I think this is a bit of a shortsighted take. The fundamental question is: should Google allow its systems/software to be used to generate homophobic/sexist/racist/transphobic content? If Google can determine with high likelihood (perhaps through a combination of language modeling of your Google Docs/email + examining your browsing history, search history, email contacts, purchase history, physical location, etc) that you are generating that sort of content, why should you be allowed to use Google for anything?


Should Home Depot enforce an Acceptable Use Policy for the many potentially harmful things (ok, let's call them "tools") they sell?


Home Depot generally has no way to know how you're using their products once they're sold. The very nature of an internet service means that Google continuously monitors your usage of their products.


I mean they don't and I don't think they should start.....


But that isn't at all what Google is trying to do here. The first example in the Twitter thread is an "inclusiveness warning" about the word landlord.

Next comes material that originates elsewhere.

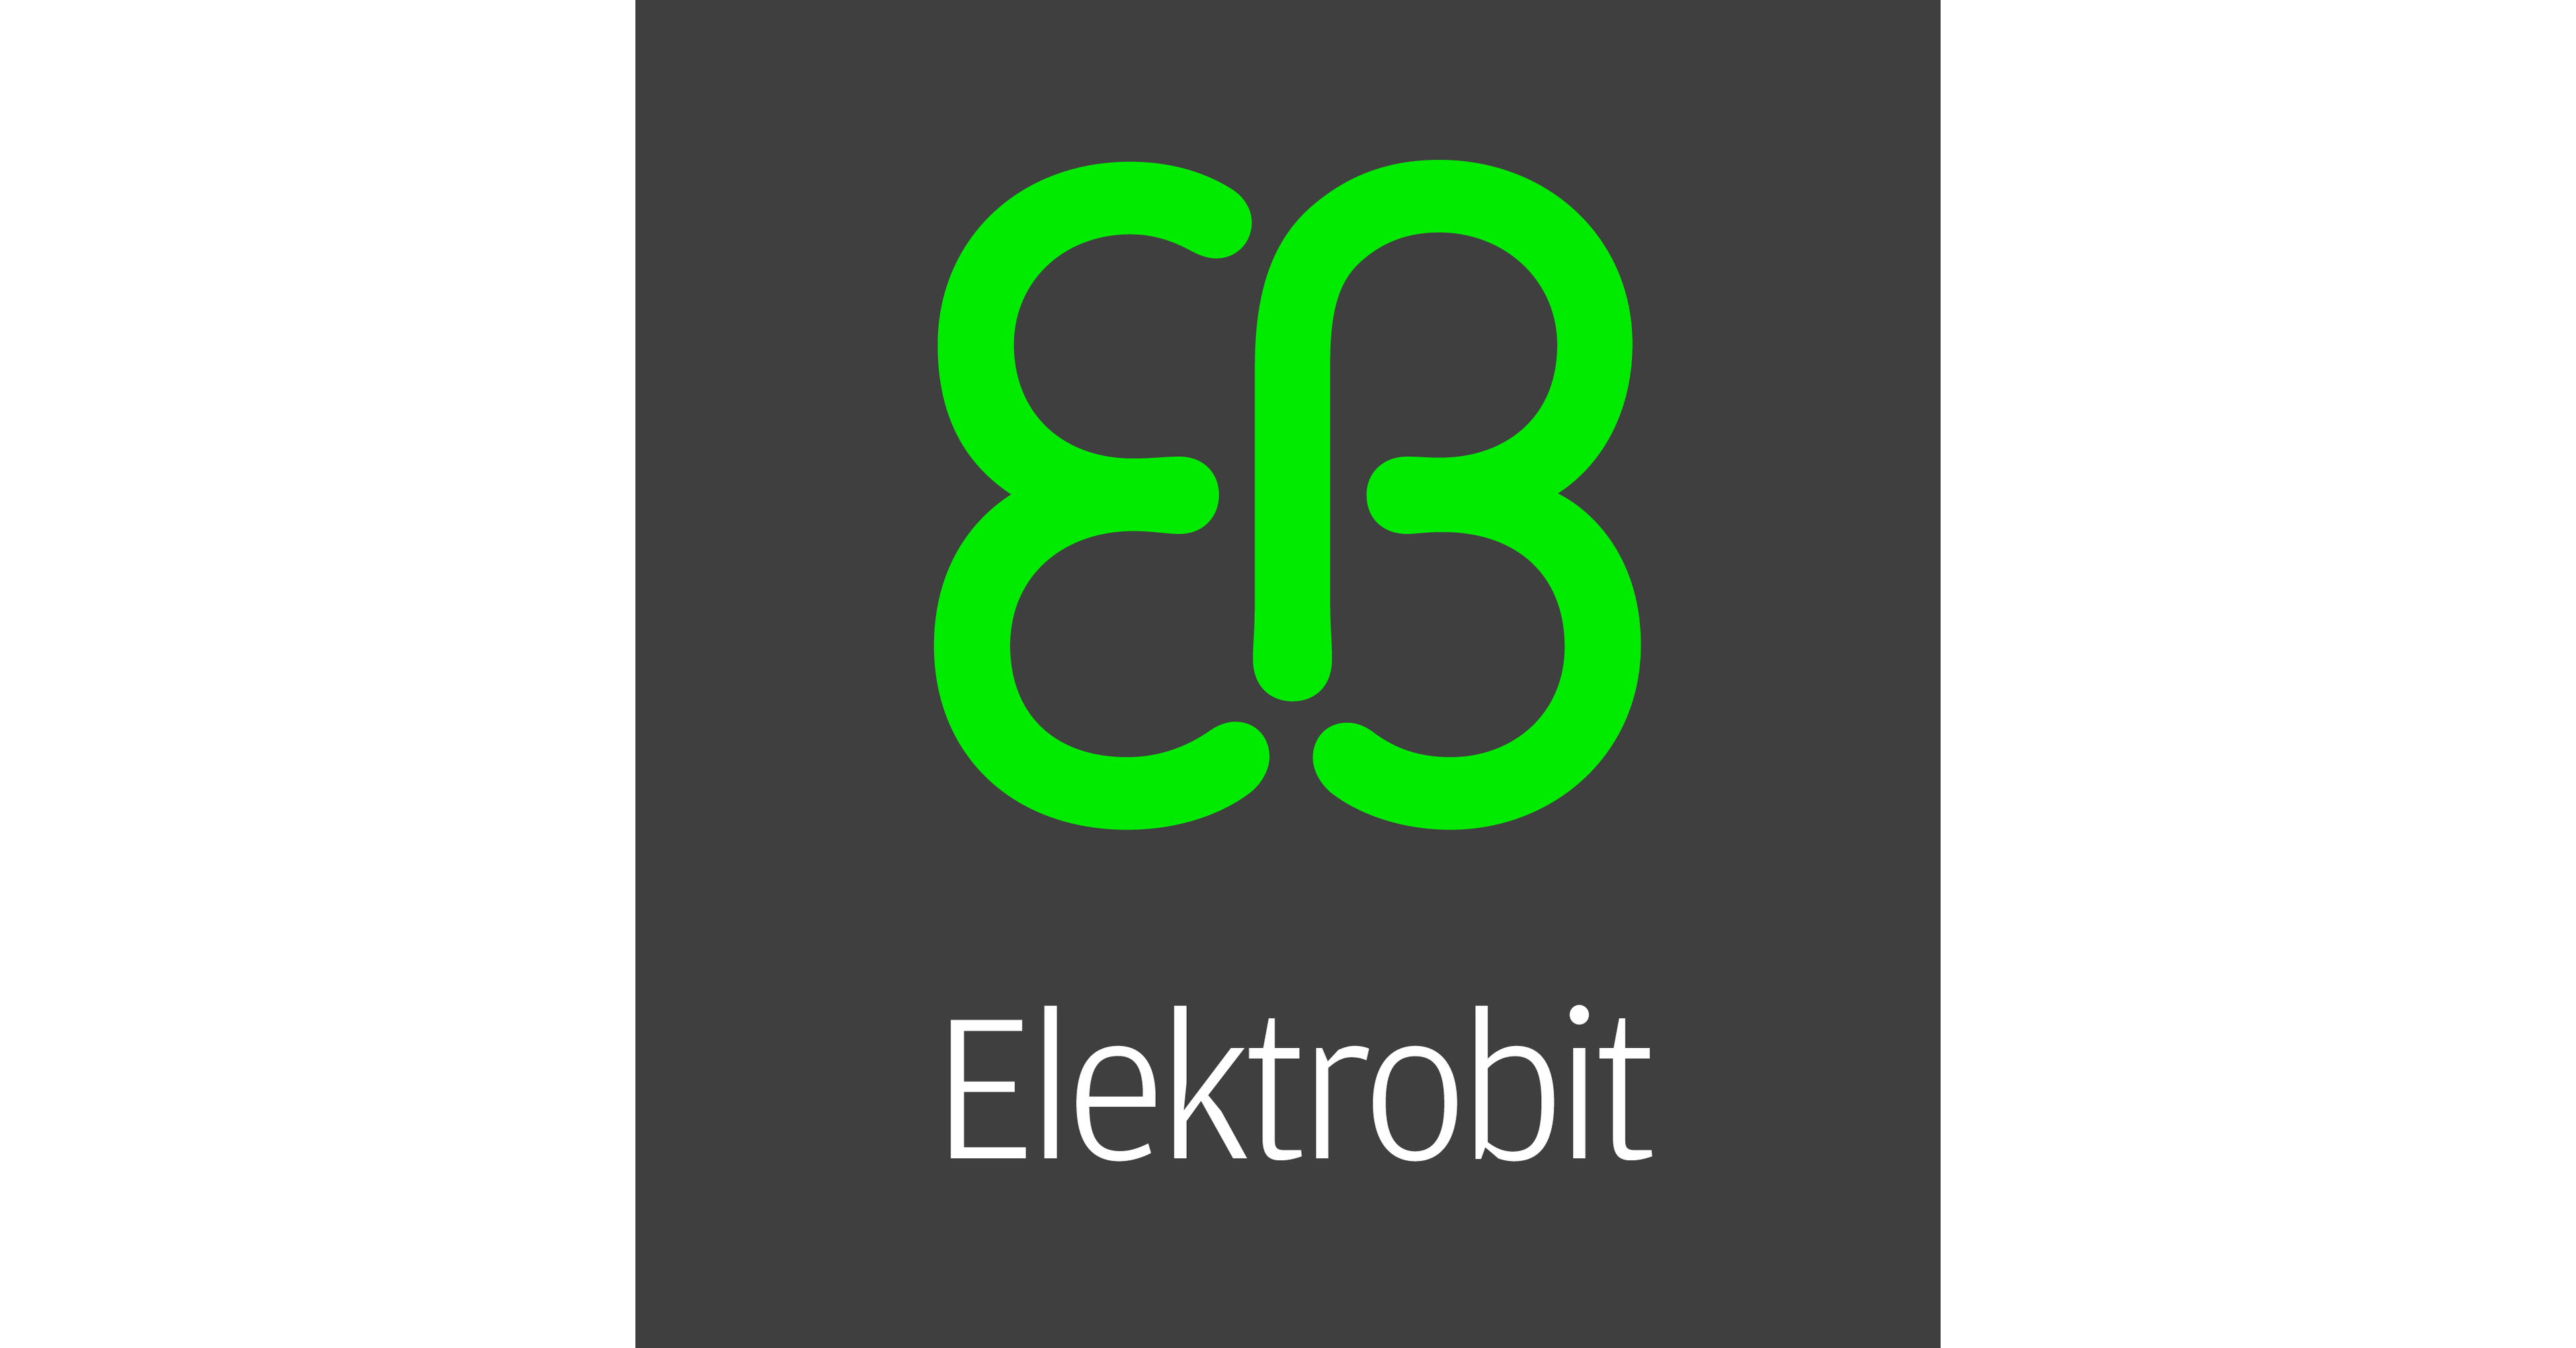 Elektrobit (EB) partners with Udacity to provide functional

On the one hand, nobody is forced to use their suggested words just like nobody is forced to fix the grammar mistakes Google underlines. So it may have some cultural influence but it isn't really authoritarian. It's also not creepy in the sense that it is not using your data outside of what is directly in the Doc.

On the other hand, it is not flagging actually bigoted content, it is more akin to GitHub renaming the master branch (or at the very least that is a subset of what this flags). It would be horrifying if that kind of "infraction" actually did prevent you from using Google services. And I'd be seriously skeptical of any attempted bigotry detection like you're describing that is built on top of the system discussed here.


ok, google


[flagged]


That sort of naive libertarian view is grounded in a false atomistic anthropology. We are individuals, yes, but intrinsically social animals who need society to live and to thrive, and language is a matter of the common good.

Control language and you control thought; control thought and you control action; control action and you control the world.


This is overtly political and has nothing to do with being "nice" or "empathetic". The corporations have inadvertently made an arrangement with critical theory leftists to transform society into a capitalist monopoly on top, and socialism on the bottom. That's the deal.

It's been dubbed "Woke Capitalism" (https://www.youtube.com/watch?v=Vog7Wn1WGRM), where the managerial class has reached a compromise in which they get to keep and - through being appointed as stewards of the political movement - gain power, while activists of the movement get the transformation they demand.

This particular warning in Google Docs is just that. It's Google managing the changes in society that certain activists want, in order to maintain corporate power. Changes like this will keep being added (as we should know by now) while our social structures change into something comparable to a social credit system. These changes are promoted by manufactured social pressures and financial incentives from large investment banks and so are implemented by any company that wishes to grow while under public scrutiny.

Discussions about this have been like groundhog day since 2015, no one seems to be able to get past the surface level of what is probably the greatest transformation of any society since the 1930's, and it's astonishing. It's a gradual escalation of demands from woke activists, backed by the behemoth corporations and banks, then adopted by governments.

For anyone who wants to help others, or to resolve injustices in our society, having true empathy for the plight of those oppressed and wanting to solve social problems: you know this is bullshit. Even for the activists this isn't about actually helping anyone, it's about pushing us into accepting a shuffling of hierarchies, of which they didn't bother to iron out the injustices.


It will be interesting, from now on, to watch the 'petitions' to the language control police to add new phrases


"Don't you see that the whole aim of Newspeak is to narrow the range of thought? In the end we shall make thoughtcrime literally impossible, because there will be no words in which to express it."